Three Americans Join Kurdish Forces To Fight ISIS
Three U.S. citizens have joined Kurdish forces battling the Islamic State group in northern Syria, CNN reported Friday, citing a spokesperson for the Yekineyen Parastina Gel, or YPG -- an armed Kurdish group.
While the identities two of the Americans have not been revealed, one of them is believed to be 28-year-old Jordan Matson from Wisconsin, according to media reports. YPG spokesperson Redur Xelil said that Matson was fighting in the Jazaa area, in Syria's northeastern Hasaka province, according to Reuters.
Matson had earlier told his friends that he was joining a “private army” to fight the Islamic State group, Reuters reported Thursday.
“He told us… that he was getting hired by a private army and he let us know two to three months in advance…He told me he dropped his girlfriend and stopped looking for a job,” Miguel Caron, a friend of Matson’s, told Reuters.
The U.S. military also confirmed that a man named Jordan Matson had enlisted in the Army in and served from May 2006 to November 2007, according to CNN.
Meanwhile, airstrikes by the U.S.-led coalition continued in northern Syria and Iraq.

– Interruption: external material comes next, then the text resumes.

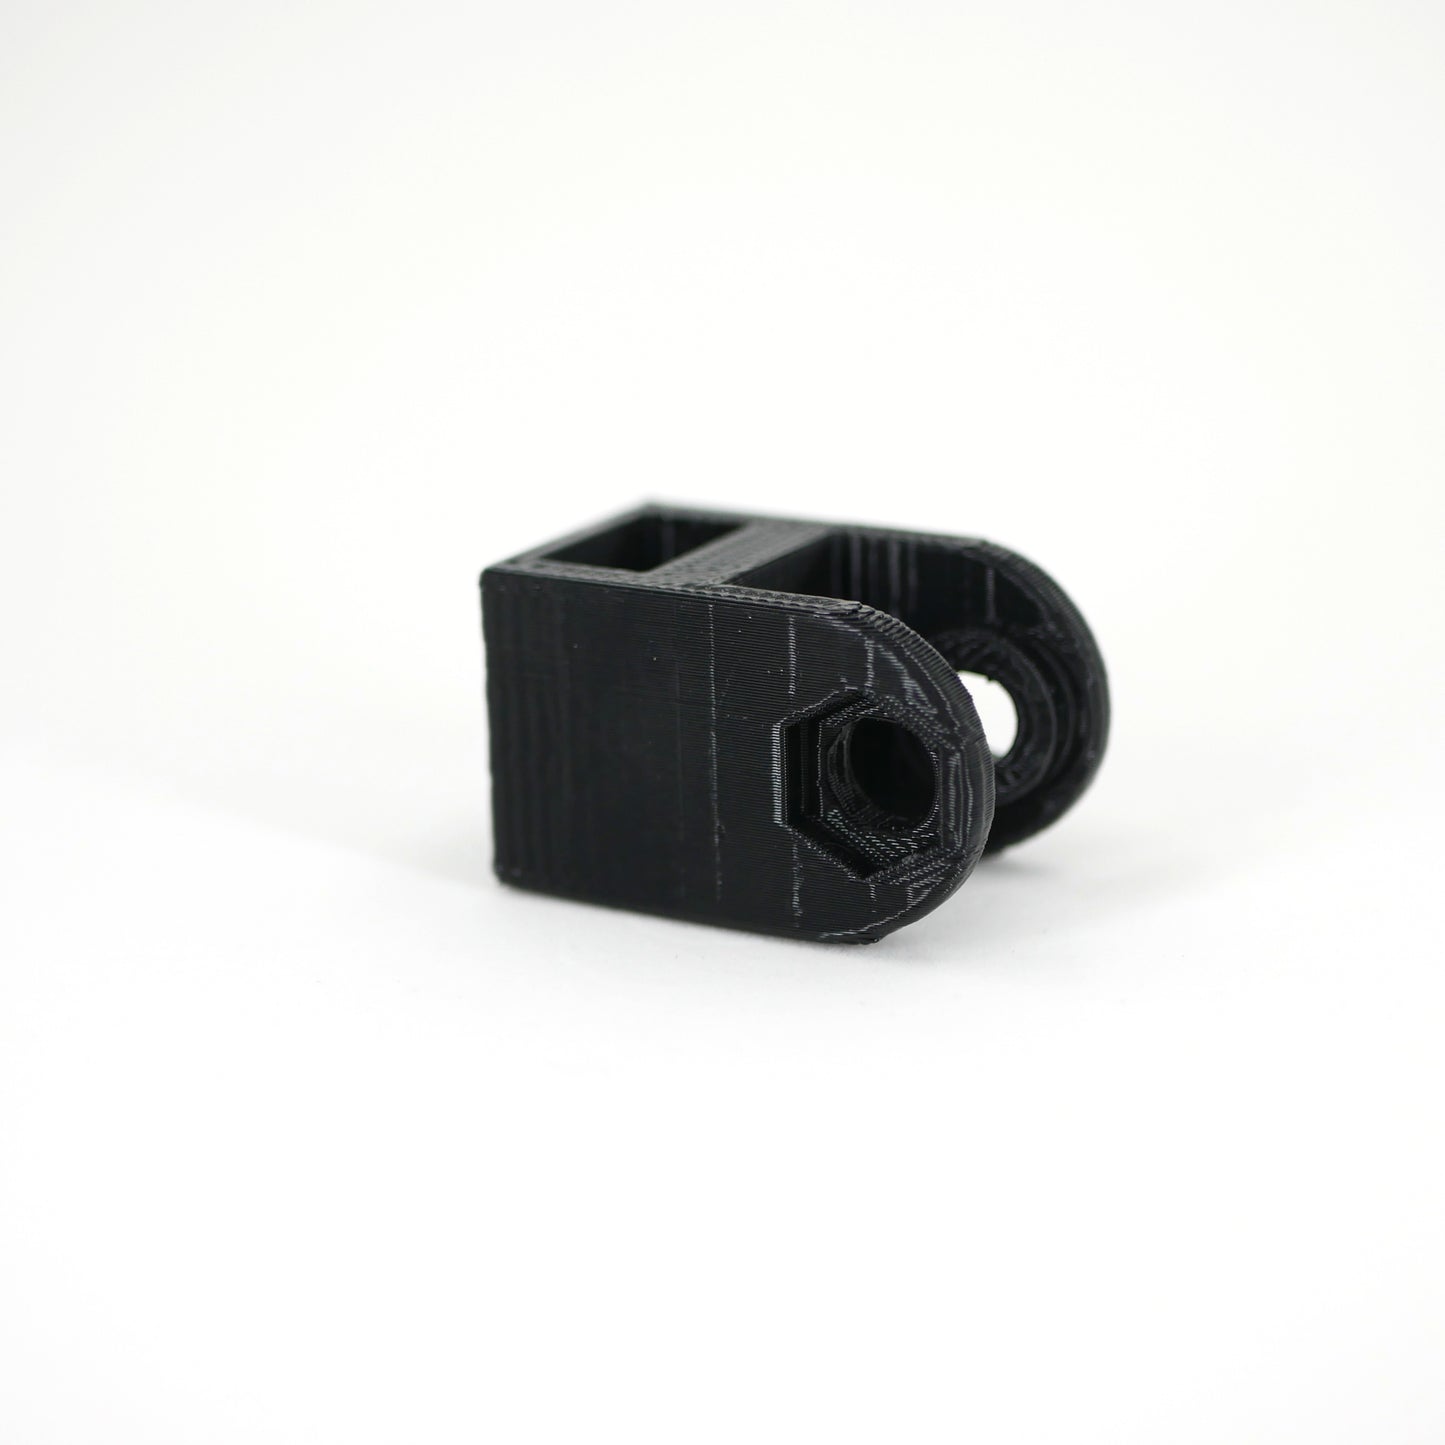 The left side of a black HyperX DuoCast microphone mount adapter.

Overnight airstrikes targeted Islamic State group-held areas in al-Mayadeen in the Deir al-Zour province, Manbij and Jarablus in northeastern Aleppo, and Tal Abyad in Raqqa, near the Turkish border, according to an Al Jazeera report.

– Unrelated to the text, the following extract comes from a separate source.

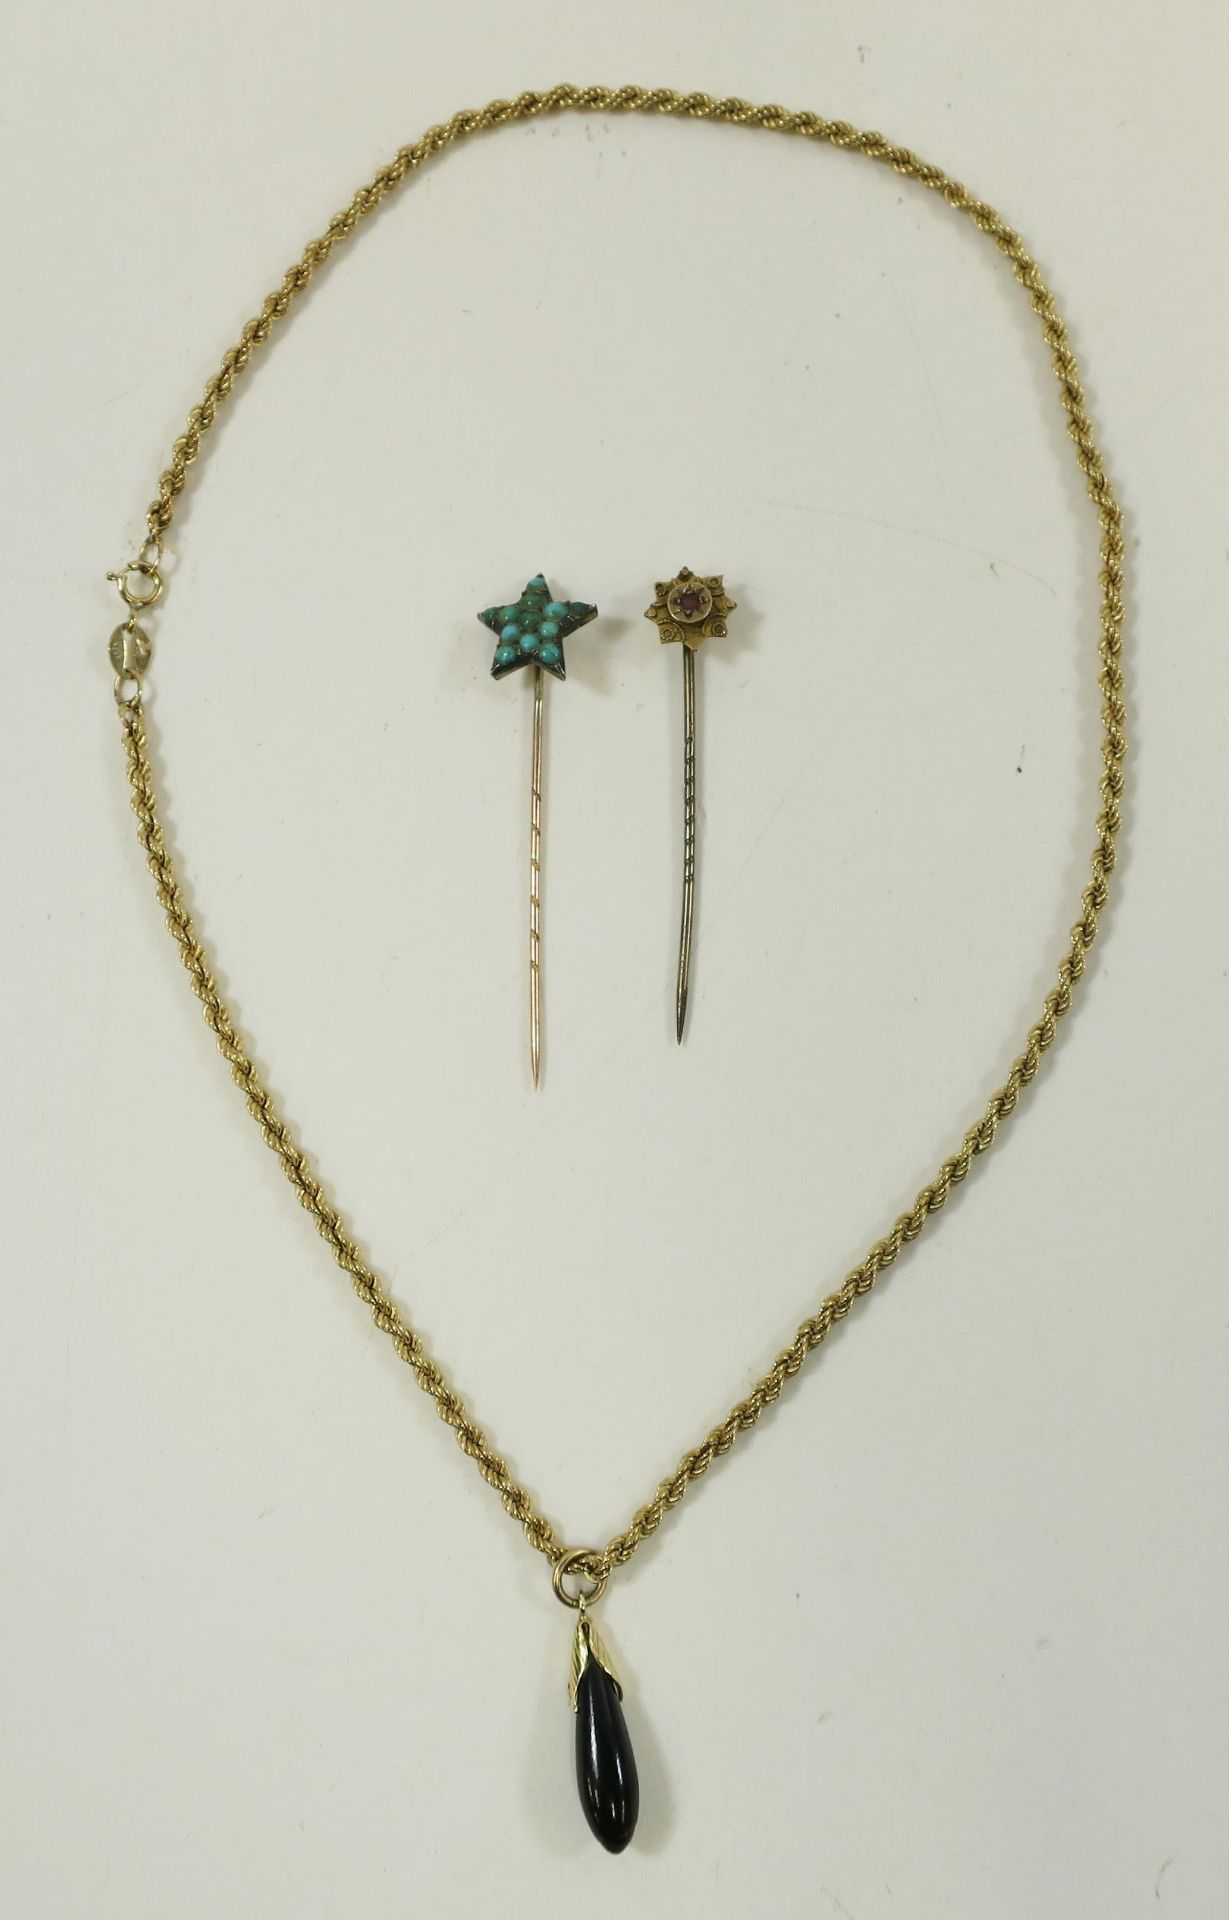 A 9ct Gold Rope Twist Chain (40cm long, 2.8gms) with a drop pendant in the form of a fruit with Gold

Violent clashes between Kurdish forces and ISIS militants were also reported near the Syrian border town of Kobane on Friday. On Thursday, 16 militants of the Islamic State group and 7 YPG fighters were killed in the region, according to the Syrian Observatory for Human Rights. The protracted battle over the control of the Kurdish-populated town has reportedly led to an exodus of hundreds of thousands of refugees into Turkey since last month.